Brillante et Glacée
"Like oceanic amoeba chocking on granulated shopping bags,
the spectacle can now only go forward by evolving the ability to eat its own shit."
(McKenzie Wark, The Spectacle of Disintegration, 2013)
J’ai voulu revoir Marienbad. La première fois c’était à la recherche des restes lointains d’un monde germanique implosé, cette Mitteleuropa mythique dont Berlin, que j’avais tout juste commencé à habiter, était redevenue l’épicentre étincelant. Un imaginaire comme les autres fait d’images disparates, de films, d’intuitions de ce que j’aurais pu être en d’autres temps et en d’autres lieux.
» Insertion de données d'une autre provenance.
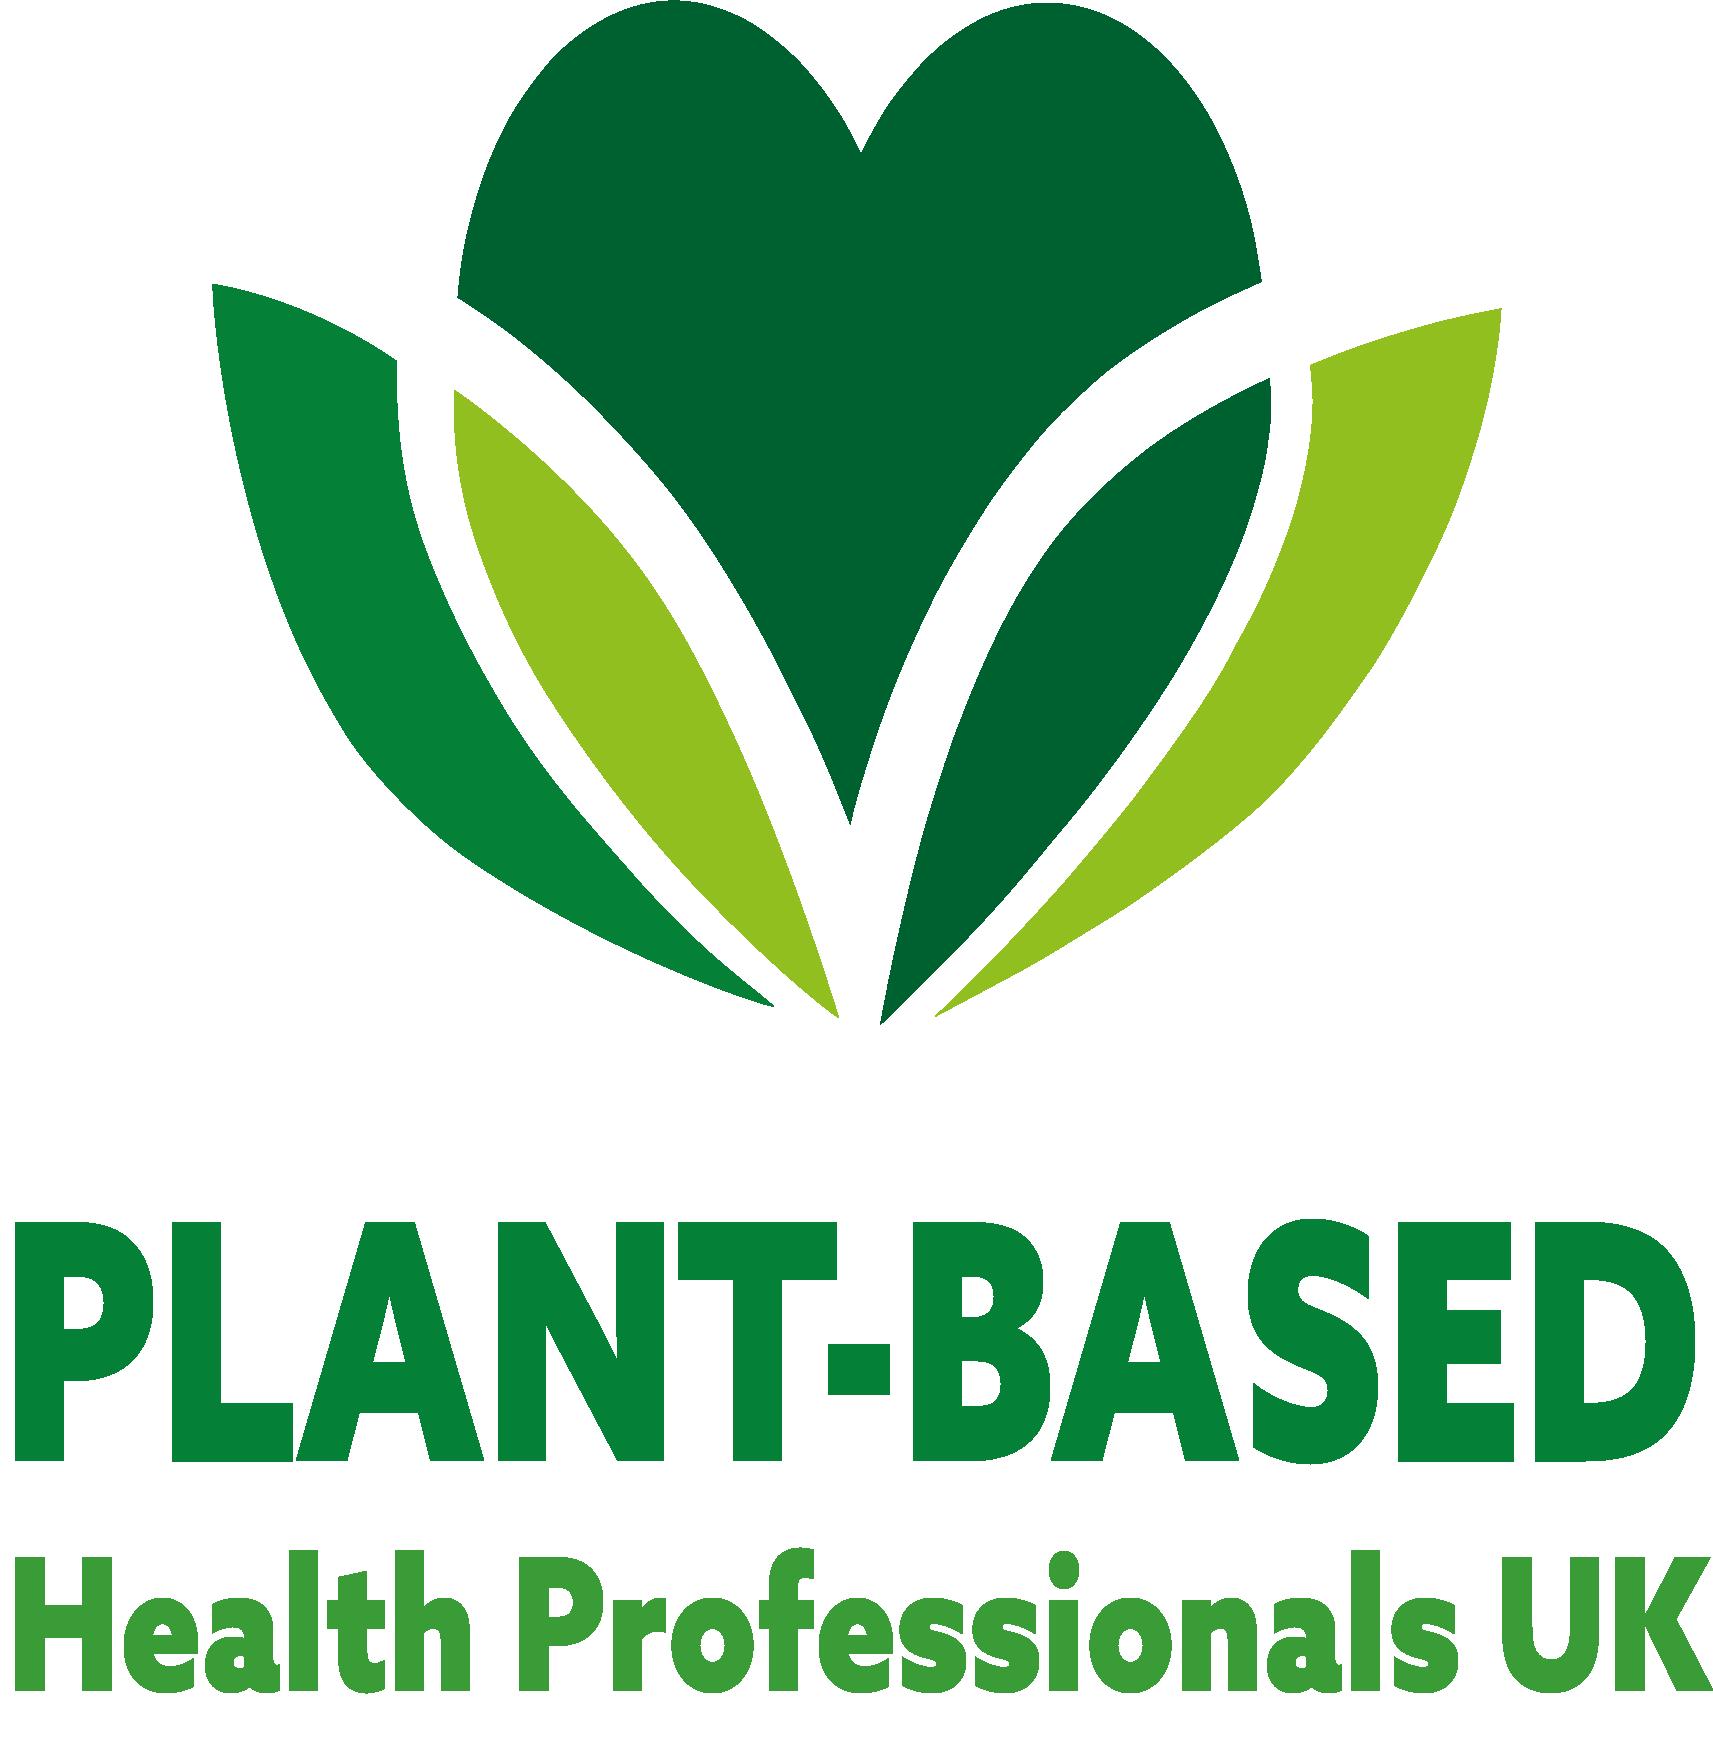 Plant-Based Health Professionals UK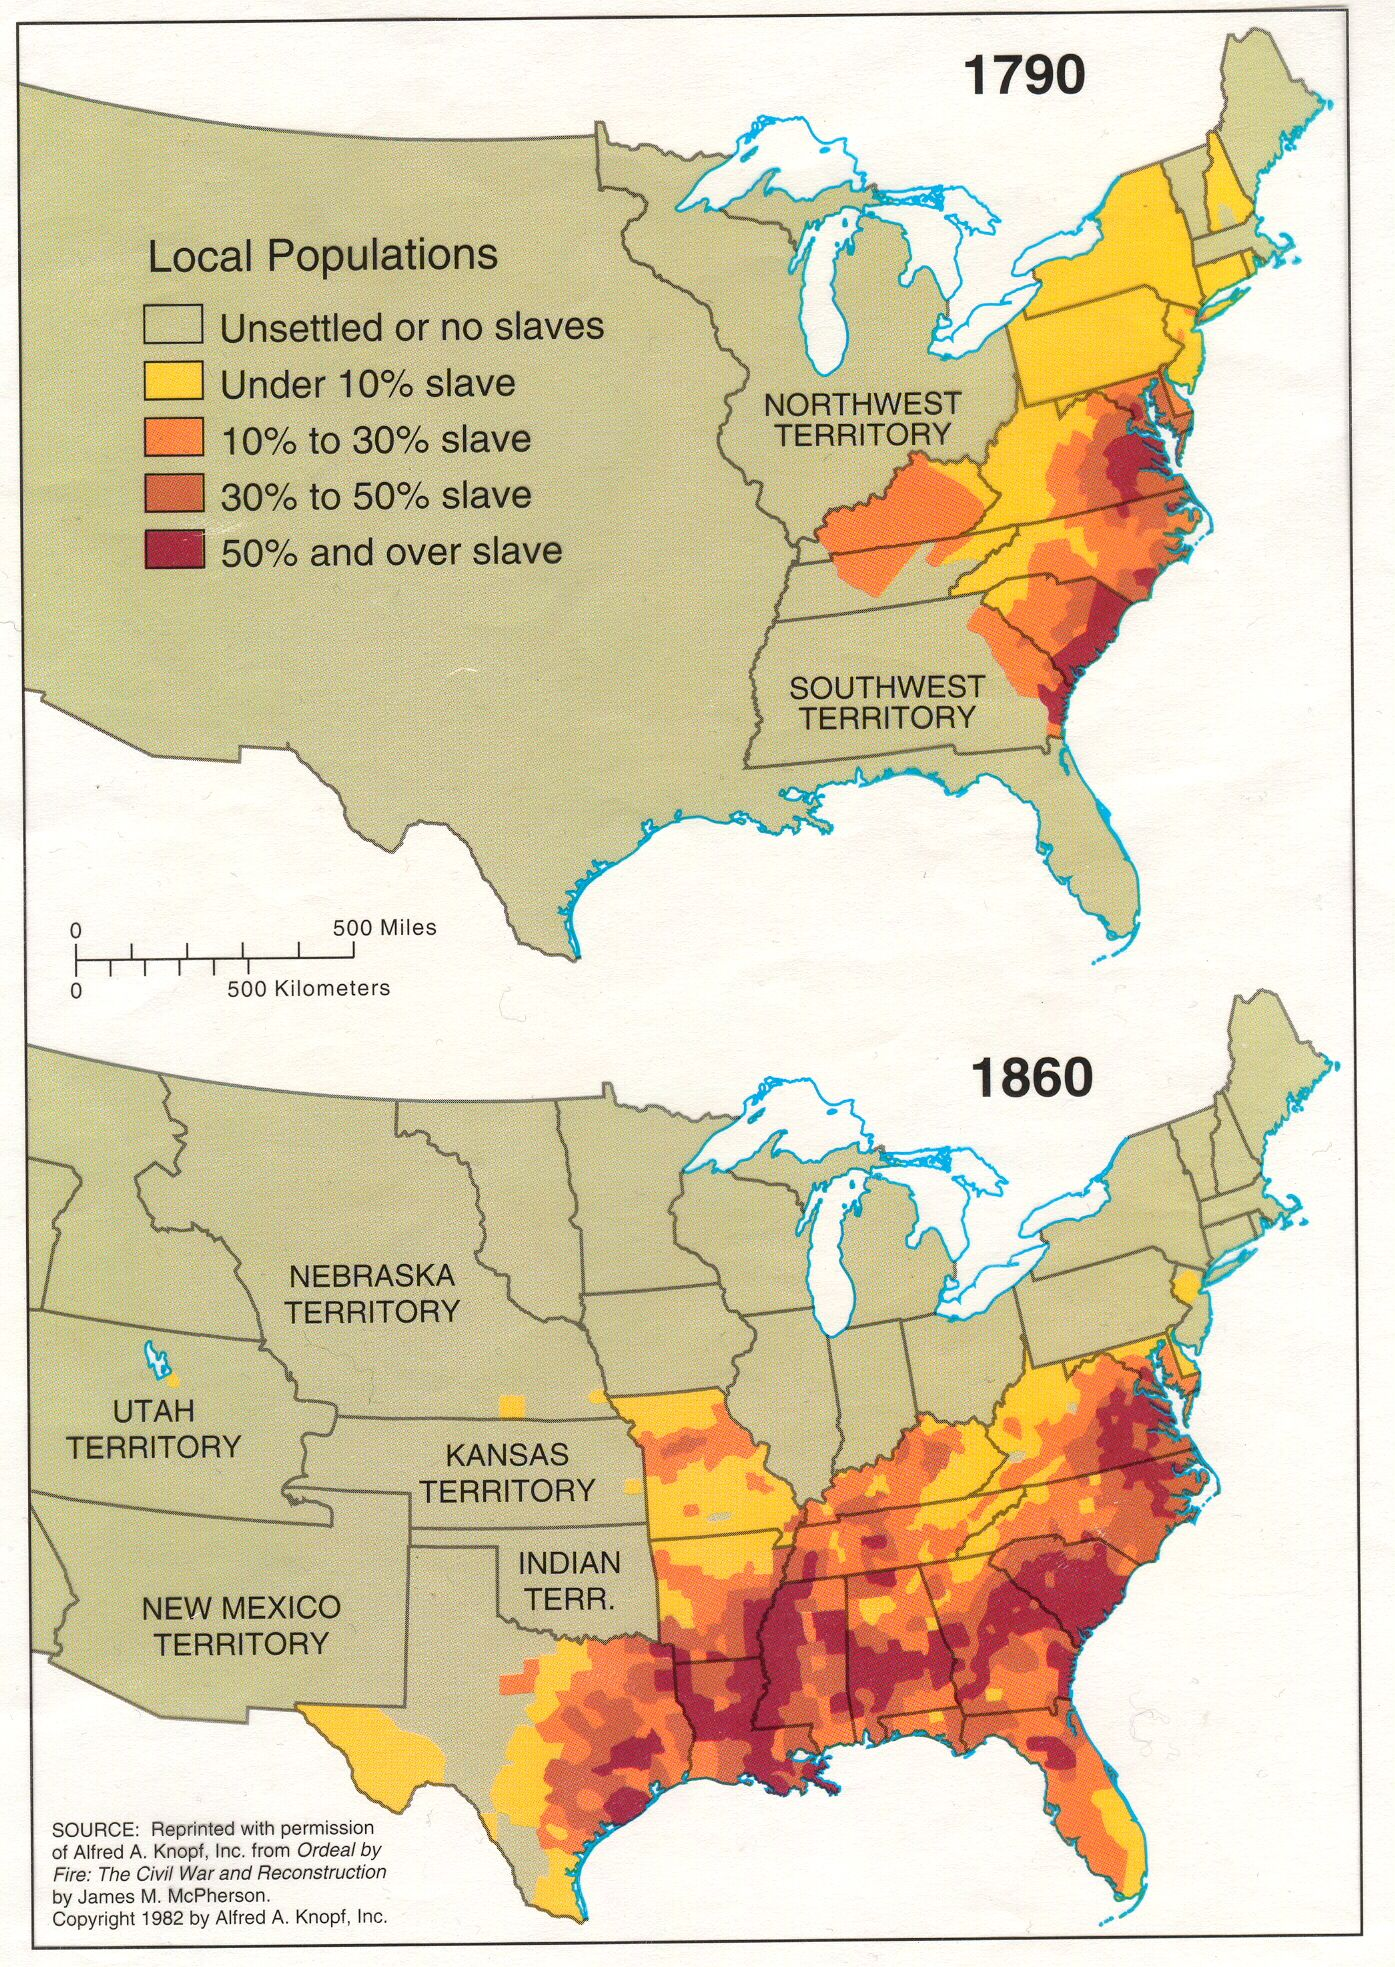 37 Maps That Explain The American Civil War

De quelle classe sociale aurais-je été issu? Sans aucun doute de l’élite cosmopolite cultivée, une haute bourgeoisie devenue maîtresse du monde avant la démocratisation de ses plaisirs réservés: la sensation de la crème artistique transeuropéenne, un révolutionnaire du désir foulant au pied l’hypocrisie bourgeoise? Un petit allumeur en costume marin façon Mort à Venise ou juste un gentil garçon un peu fade et frivole à la Felix Krull? Tant de façons d’être encore possibles sur le terrain de jeu des avant-gardes… Bien plus: le nom de Marienbad résonnait de façon particulièrement exquise comme le paradis perdu d’une élégance parvenue à son ultime perfection avant quelque chute indéfinie, dont Resnais avait réussi à capter les lumières finissantes avec ces femmes glaciales à choucroute figées au son de l’orgue, une haute société oisive réduite à des jeux purement mathématiques. L’Année dernière à Marienbad fut tourné dans divers palais de Munich (Le Nymphenburg, l’Antiquarium de la Residenz) mais c’est cette ville invisible sans cesse évoquée dans l’incertitude d’un événement passé qui se prêtait aux fantasmes les plus entêtants et représentait dans le mystère même de sa sonorité (reprise à l’envi dans la variété française ‘classe’ des années quatre-vingts) l’ultime destination pour finir seul et cynique en digne héritier de Des Esseintes et du Thin White Duke réunis. Voilà en tout cas le genre de garçon que j'étais, prisonnier de ma chambre dans l'atmosphère pesante de La Lugubre Gondole, me décomposant peu à peu dans l’indifférenciation d’une banlieue pourrie par l'emprise des normes.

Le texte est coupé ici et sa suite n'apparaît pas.